▸ **Task**: The lines from the one holding "Durango City Santa" to the final line of the listing below are to be duplicated exactly, with both ends included and pictures omitted.

▸ **Provided material**:
■ ■ ■
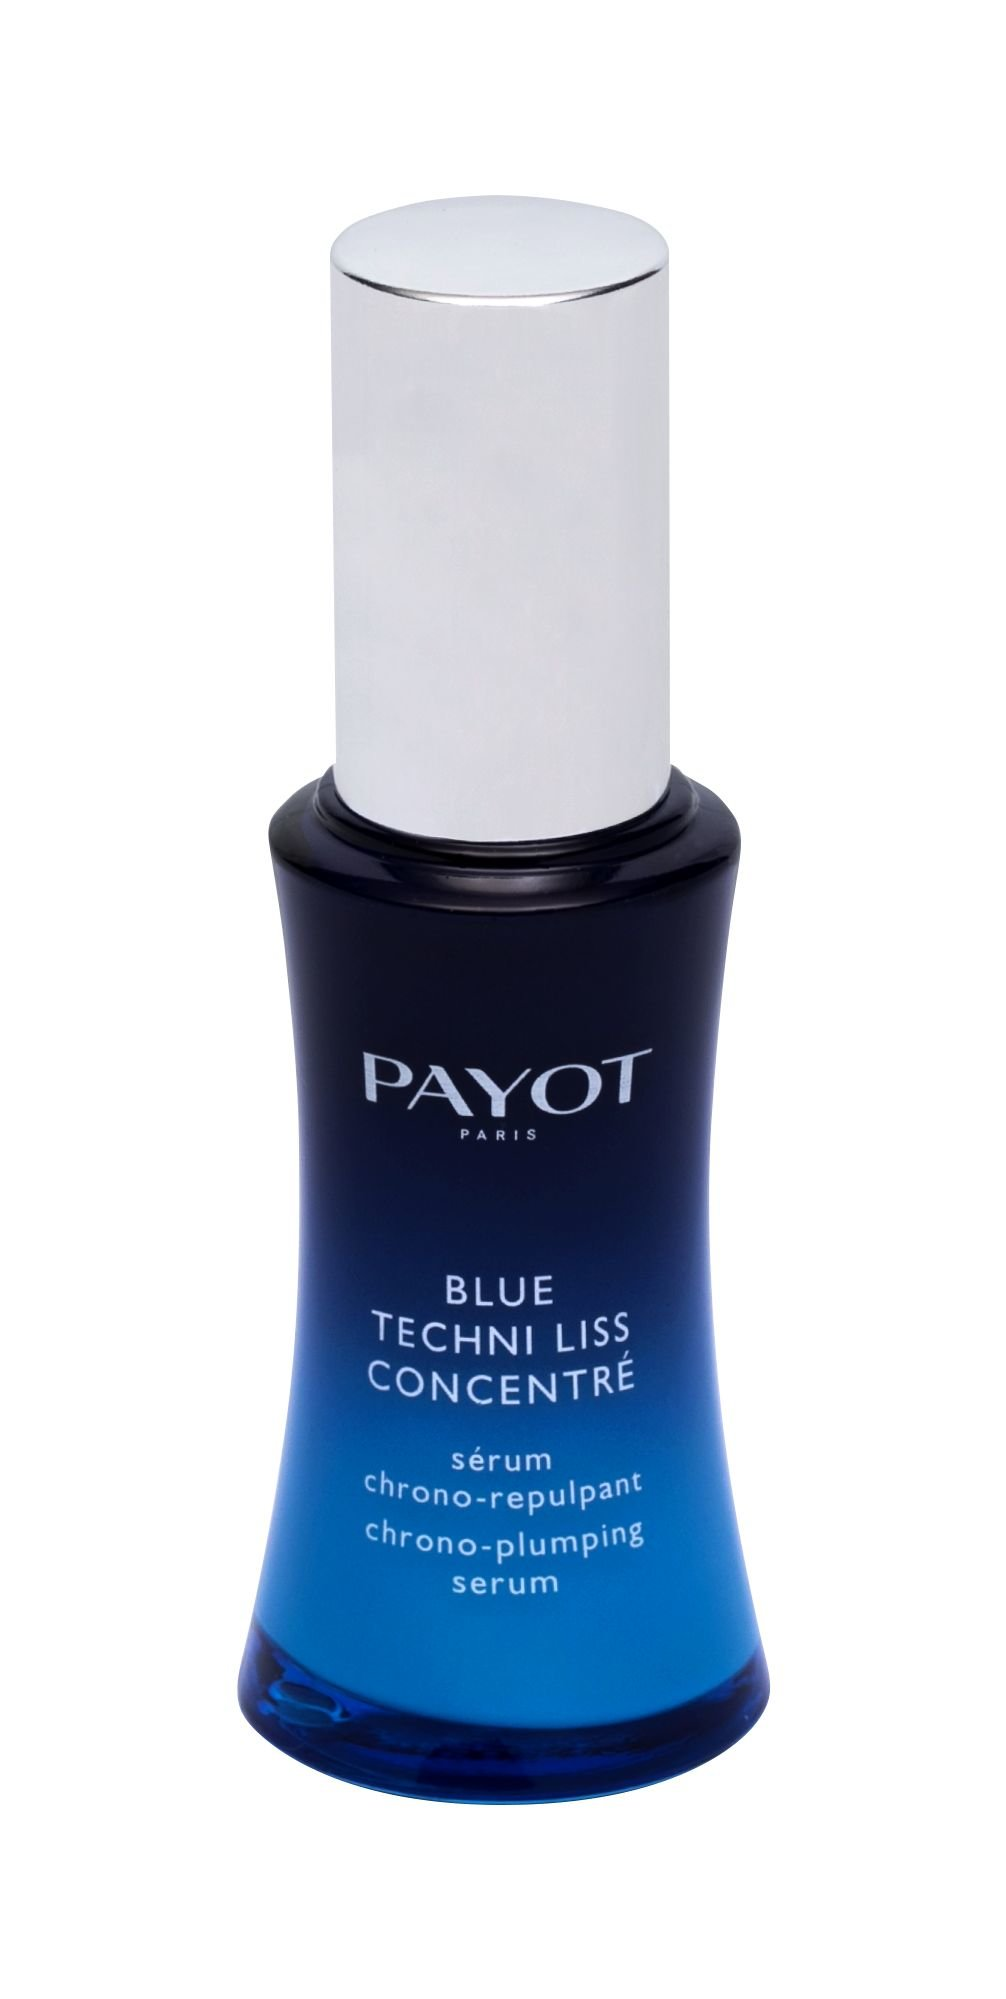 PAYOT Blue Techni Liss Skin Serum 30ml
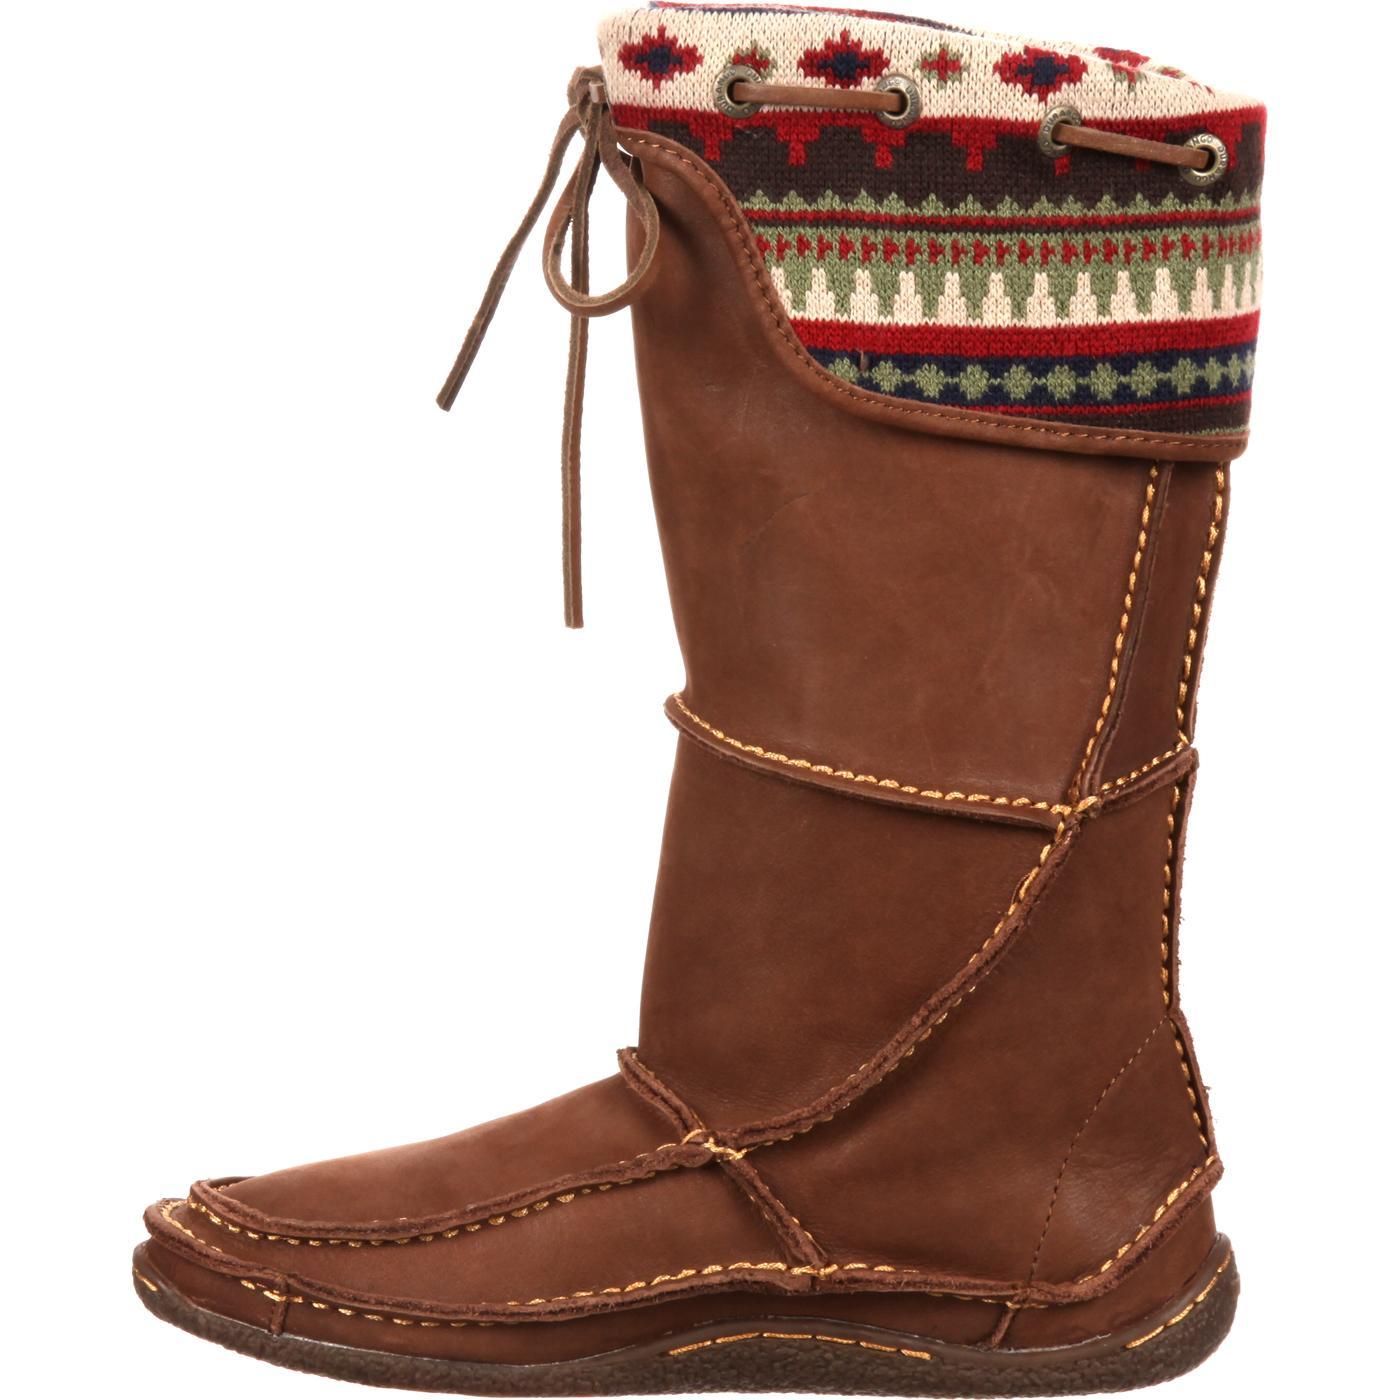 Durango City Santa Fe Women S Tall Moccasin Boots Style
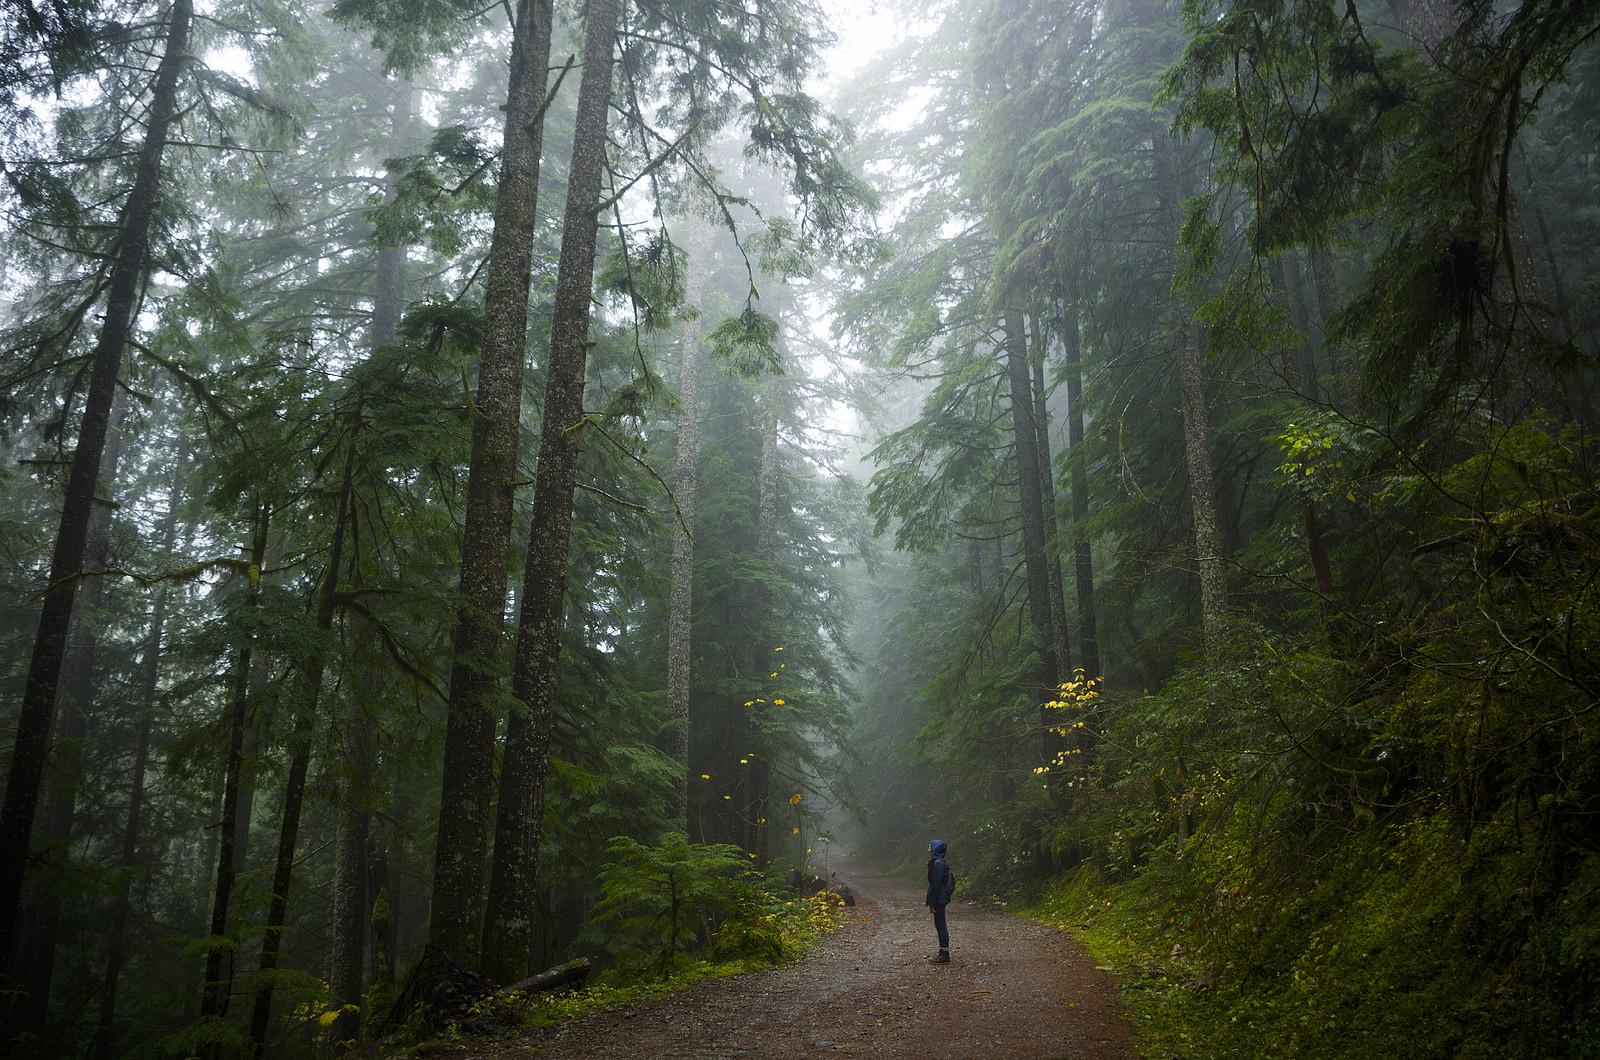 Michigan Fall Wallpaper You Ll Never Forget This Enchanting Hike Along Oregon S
■ ■ ■
▸ **Task output**:
 Durango City Santa Fe Women S Tall Moccasin Boots Style
 Michigan Fall Wallpaper You Ll Never Forget This Enchanting Hike Along Oregon S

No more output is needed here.